Design Exercise - Fault Management

Support Center

Overview

This application manages the logging and correction of faults reported by users and machines of a large distributed system. Users may report errors through forms in their application, but errors may be reported from software agents as well. Errors arrive at a support center, where the support people solve these problems. Support managers need the ability to query the status of errors and assign errors to people who must solve them; people need information about the error to be able to support it. The system also supports programming scripts that filter errors, and that automatically respond to common errors. Since the supervised application can never be shut down, all administration of the support system must be done at runtime.

Requirements

These are the requirements from the supervising software agents:

	The system shall enable dynamically defining a large set of supervised entities. An entity can be a computer, a router, an executable, a network connection, a process, a service or a user. Entities are supervised by an agent (a software process) running on their computer.
	The system shall include agents able to communicate with the application through a well-defined API. Agents can be dynamically configured to expect several kinds of reports from the application, add other system information (such as CPU use, list of running processes, current user, current time and so forth) to the report, and send it to a central database. Each error report includes, among other things, the category of error (use interface, network, etc.) and a level of severity (annoying, urgent, critical, etc.).
	The system shall enable dynamically configuring agents to monitor different variables of the system periodically, and send reports if these variables exceed certain bounds. For example, an agent can be configured to check virtual memory levels every minute, and send an error report if free virtual memory is below 5% for more than five minutes. Agents must be available for many operating systems, so that the variables that may be checked are different for different agents.

These are the requirements from the support center application:

	The system shall include a support center application (user interface), which enables all supporters (people who work in the support center) to view, investigate and fix errors. It is possible to add, edit and delete users, and set different access privileges (which entities and errors are visible, which actions are allowed) to each user.
	The system shall enable a user to dynamically define queries which determines which errors to show him. Queries can be on any field of the error (time, severity, entity type, etc.), and can be complex (include 'and', 'or', 'not' conditions).

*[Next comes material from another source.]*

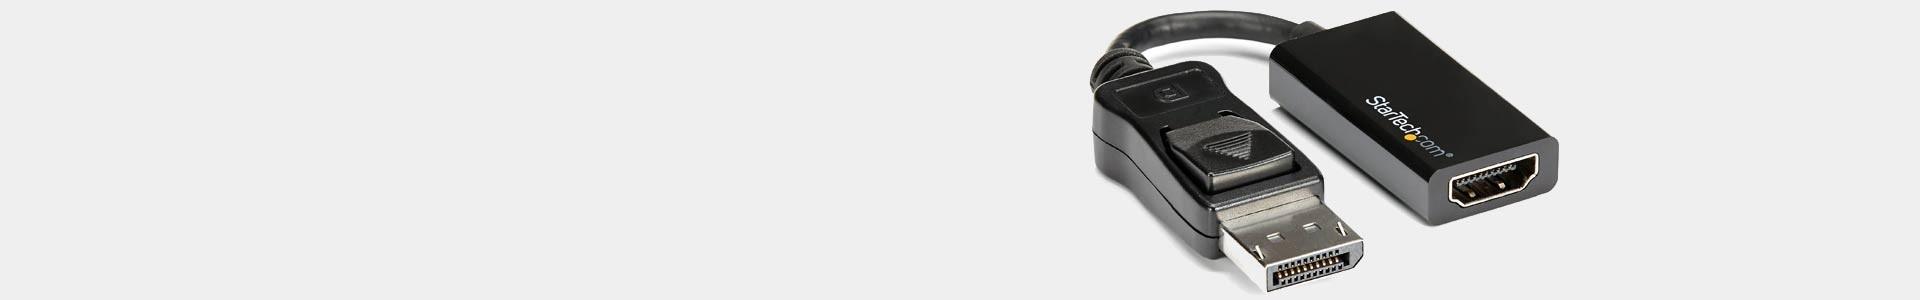 Professional DisplayPort adapters - Guaranteed quality - Avacab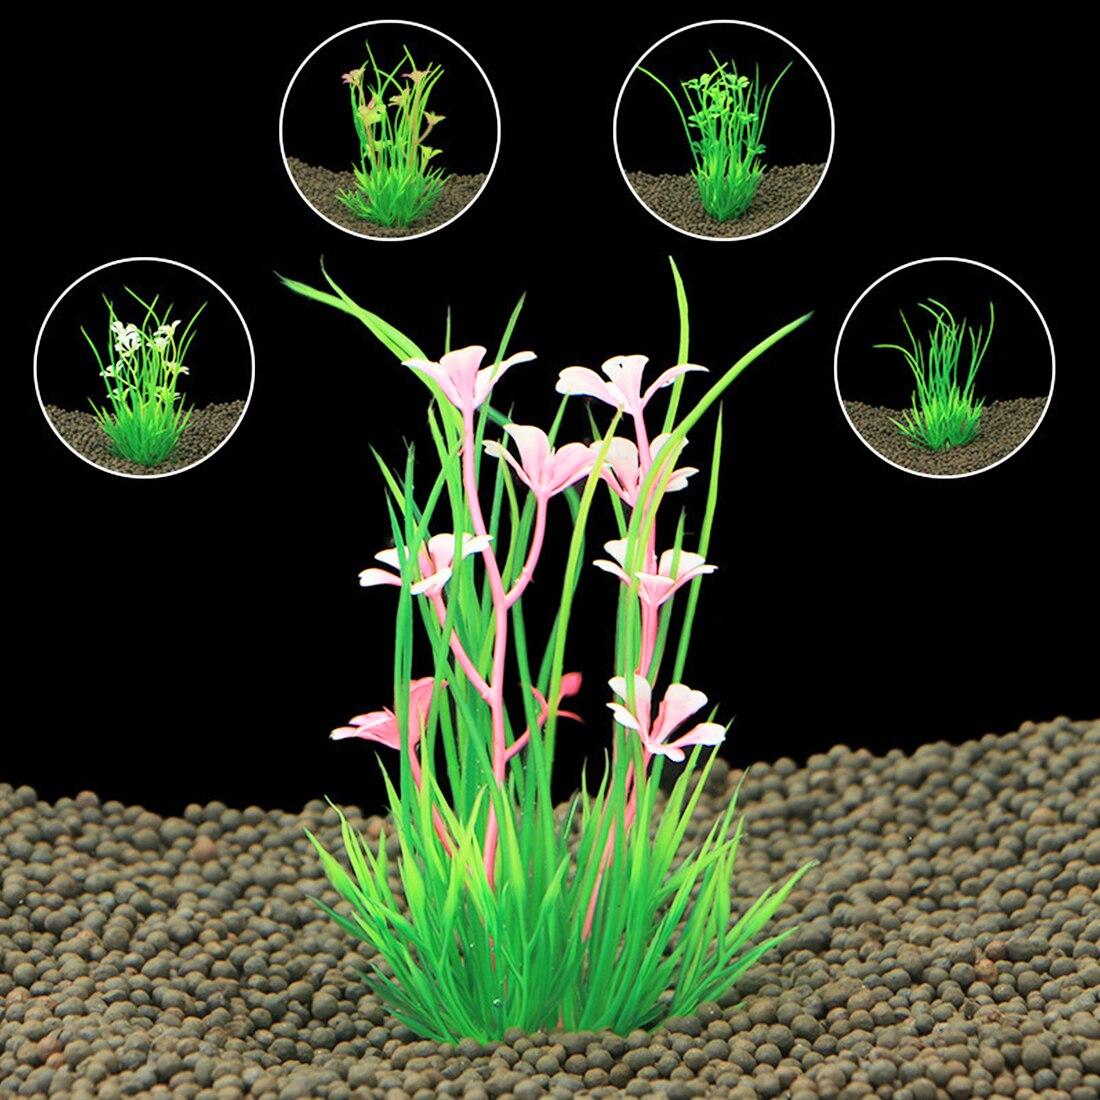 1PC  NEW Artificial Plastic aquarium plants Grass for aquarium background Fish Tank Aquarium Ornament decoration

It is possible to query on entity-specific fields (such as 'programming language', only available for 'executable' entities).
	The system shall allow a supporter to view several queries on different windows of her/his screen at once. Whenever the central database changes (an error is created or fixed) in a manner that changes queries at someone's screen, the screen shall reflect this immediately. That is, the refresh should be always active and automatic.
	The system shall enable certain users to be defined as managers for a specific category. Managers are able to assign errors in their category to other supporters which must fix them. They also need queries and reports about what the supporters that work for them do, what is the status of errors they assigned (received / assigned / fixed / unfixed), and at what time status changes occurred (how long it takes to fix different kinds of problems).
	The system shall allow supporters to perform several operations on a supervised entity remotely: Reboot a machine, reload a router, change network or OS settings somewhere, change user permissions, or take over a machine. Note that different operations are possible on different entity types; also, not all supporters have privileges to perform all operations.
	The system shall support the dynamic definition of filtering rules for new errors. This is meant to ensure that if a router collapses, the supporters won't get 200 errors from all computers and processes that use it. A filtering rule is of the form "if between X and Y errors that answer the condition <SOME COMPLEX CONDITION> arrive in a <TIME> period, convert them into a single error <WITH THESE PROPERTIES>".
	The system shall support the dynamic definition of scripts that automatically handle common types of errors. It is possible to define that a script is executed every time an error which answers to some (complex) condition is created. The scripting language will be able to query the error's properties, do all operations that a user can do, and support 'if', 'for', 'while' construct as well as calls to other scripts.

Each of these ten requirements are worth 10% of the grade on the exercise. Note that the grade of a single requirement is composed of how you dealt with it everywhere - in requirements, design, strong and weak spots, and the oral questions.

Good luck!